**Your assignment**
Copy out all of the lines below exactly; the pictures do not belong in the copy.

[[ Data extract, beginning ]]

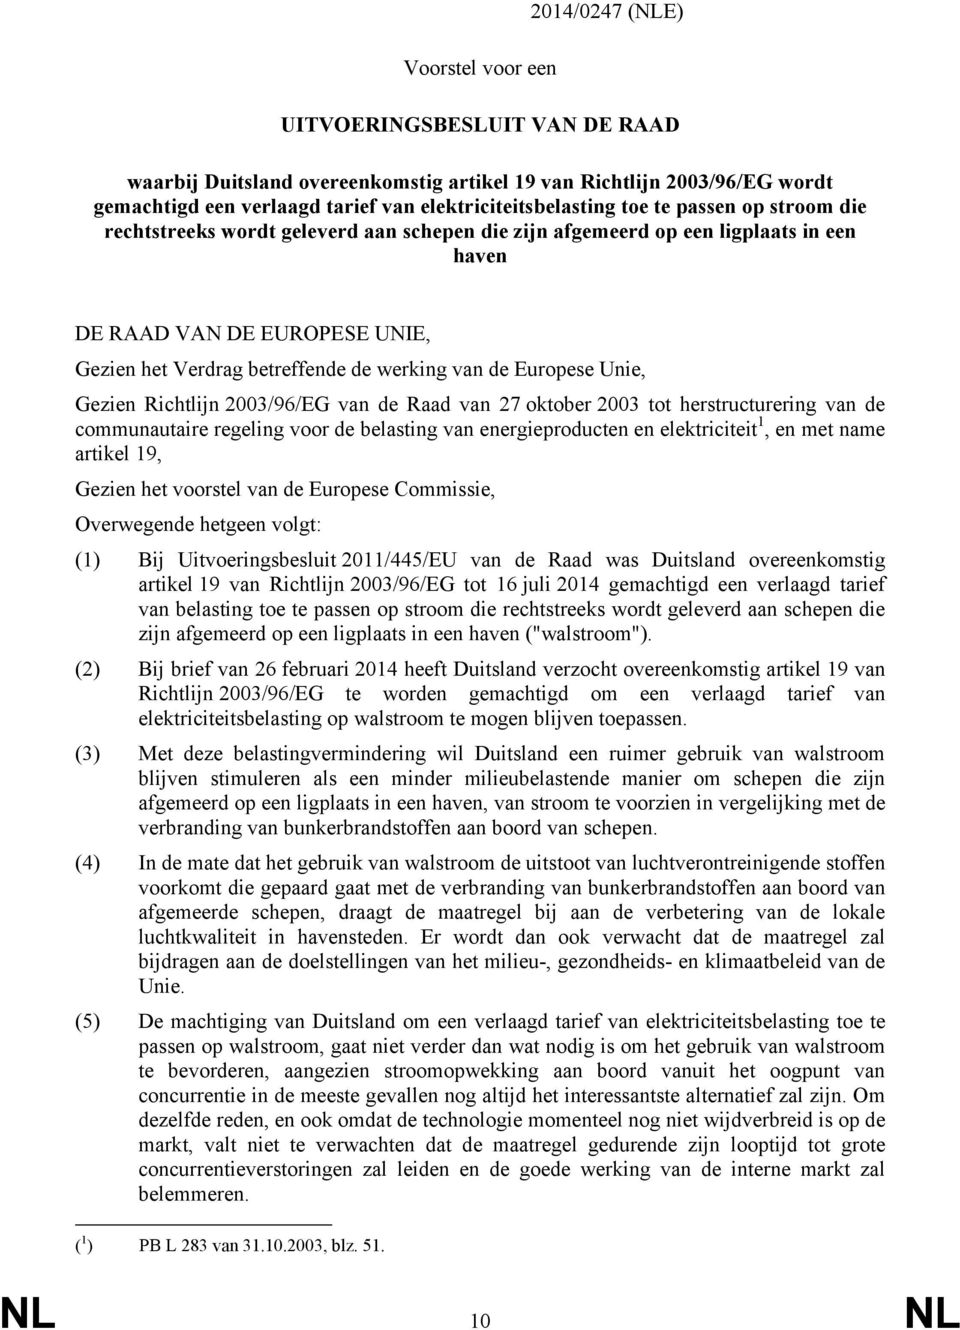 Europese Unie, Gezien Richtlijn 2003/96/EG van de Raad van 27 oktober 2003 tot herstructurering van de communautaire regeling voor de belasting van energieproducten en elektriciteit 1, en met name
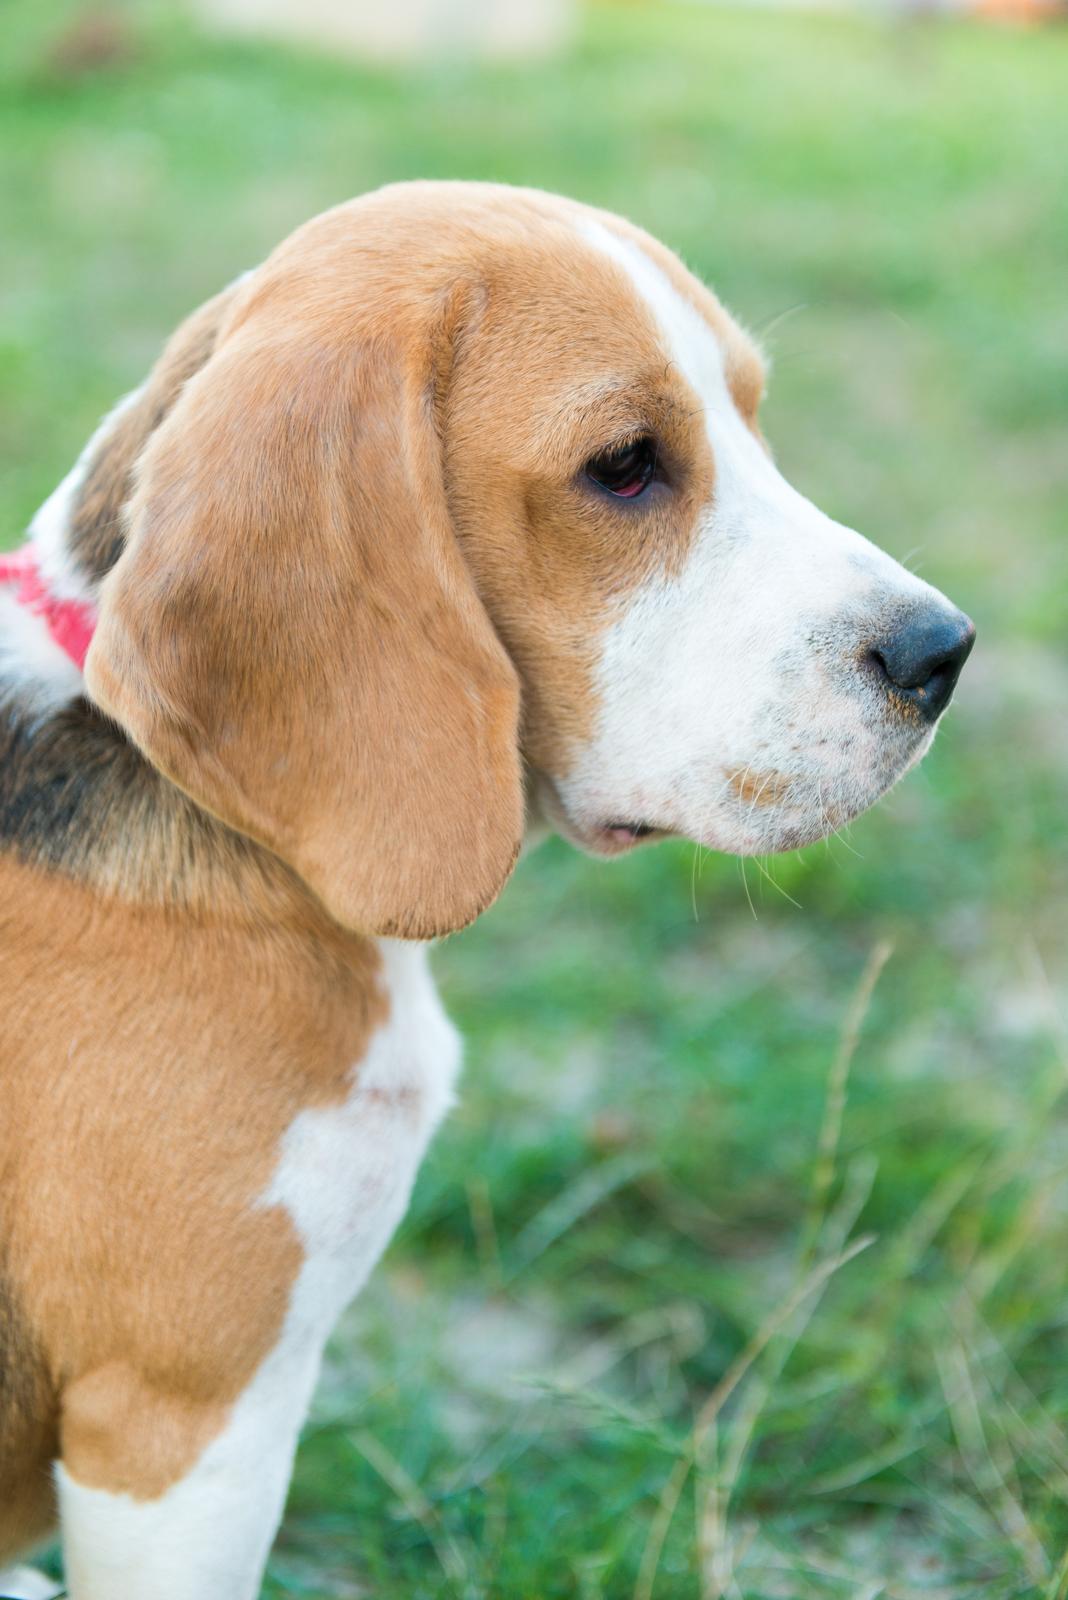 Pies rasy Beagle - wybór obroży
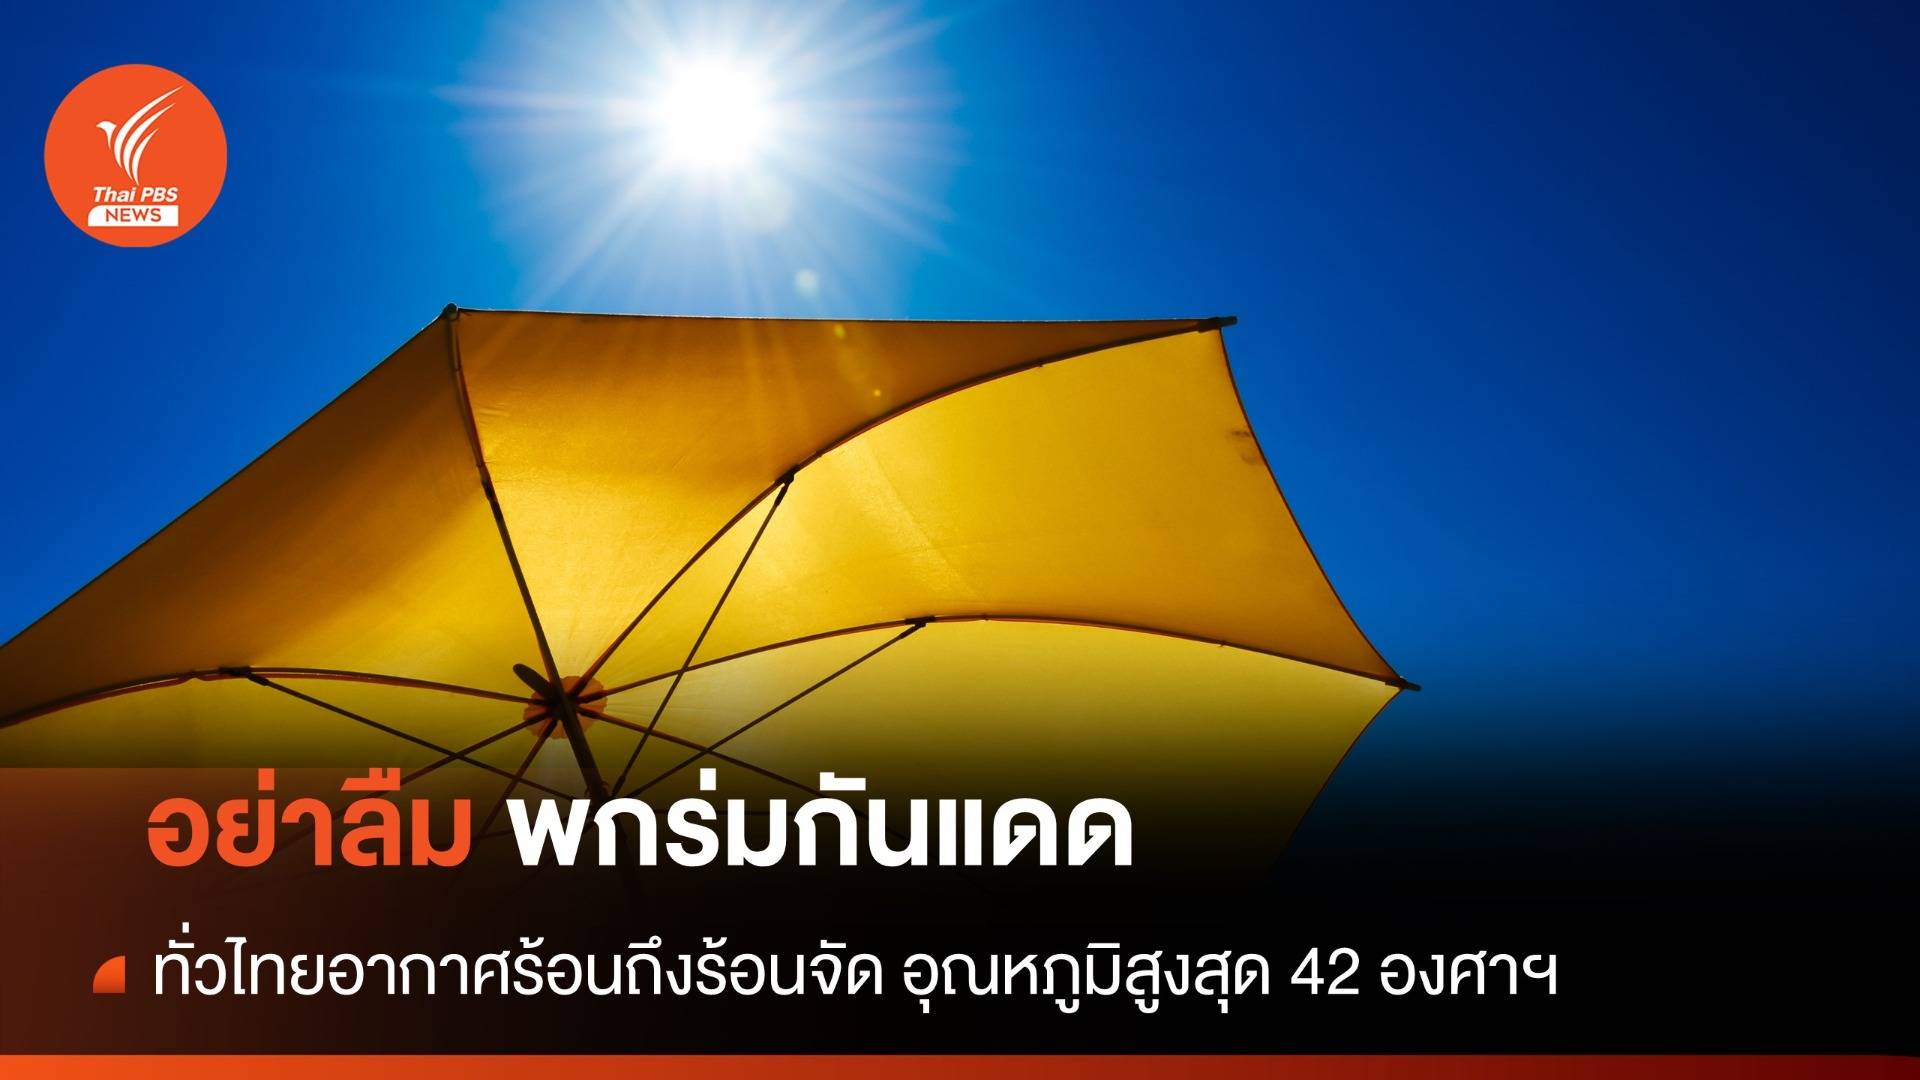 สภาพอากาศวันนี้ ความกดอากาศต่ำปกคลุม ทั่วไทยร้อนถึงร้อนจัด อุณหภูมิสูงสุด 42 องศาฯ

[[ Data extract, end ]]

**Problem solution**
 Europese Unie, Gezien Richtlijn 2003/96/EG van de Raad van 27 oktober 2003 tot herstructurering van de communautaire regeling voor de belasting van energieproducten en elektriciteit 1, en met name
 Pies rasy Beagle - wybór obroży
 สภาพอากาศวันนี้ ความกดอากาศต่ำปกคลุม ทั่วไทยร้อนถึงร้อนจัด อุณหภูมิสูงสุด 42 องศาฯ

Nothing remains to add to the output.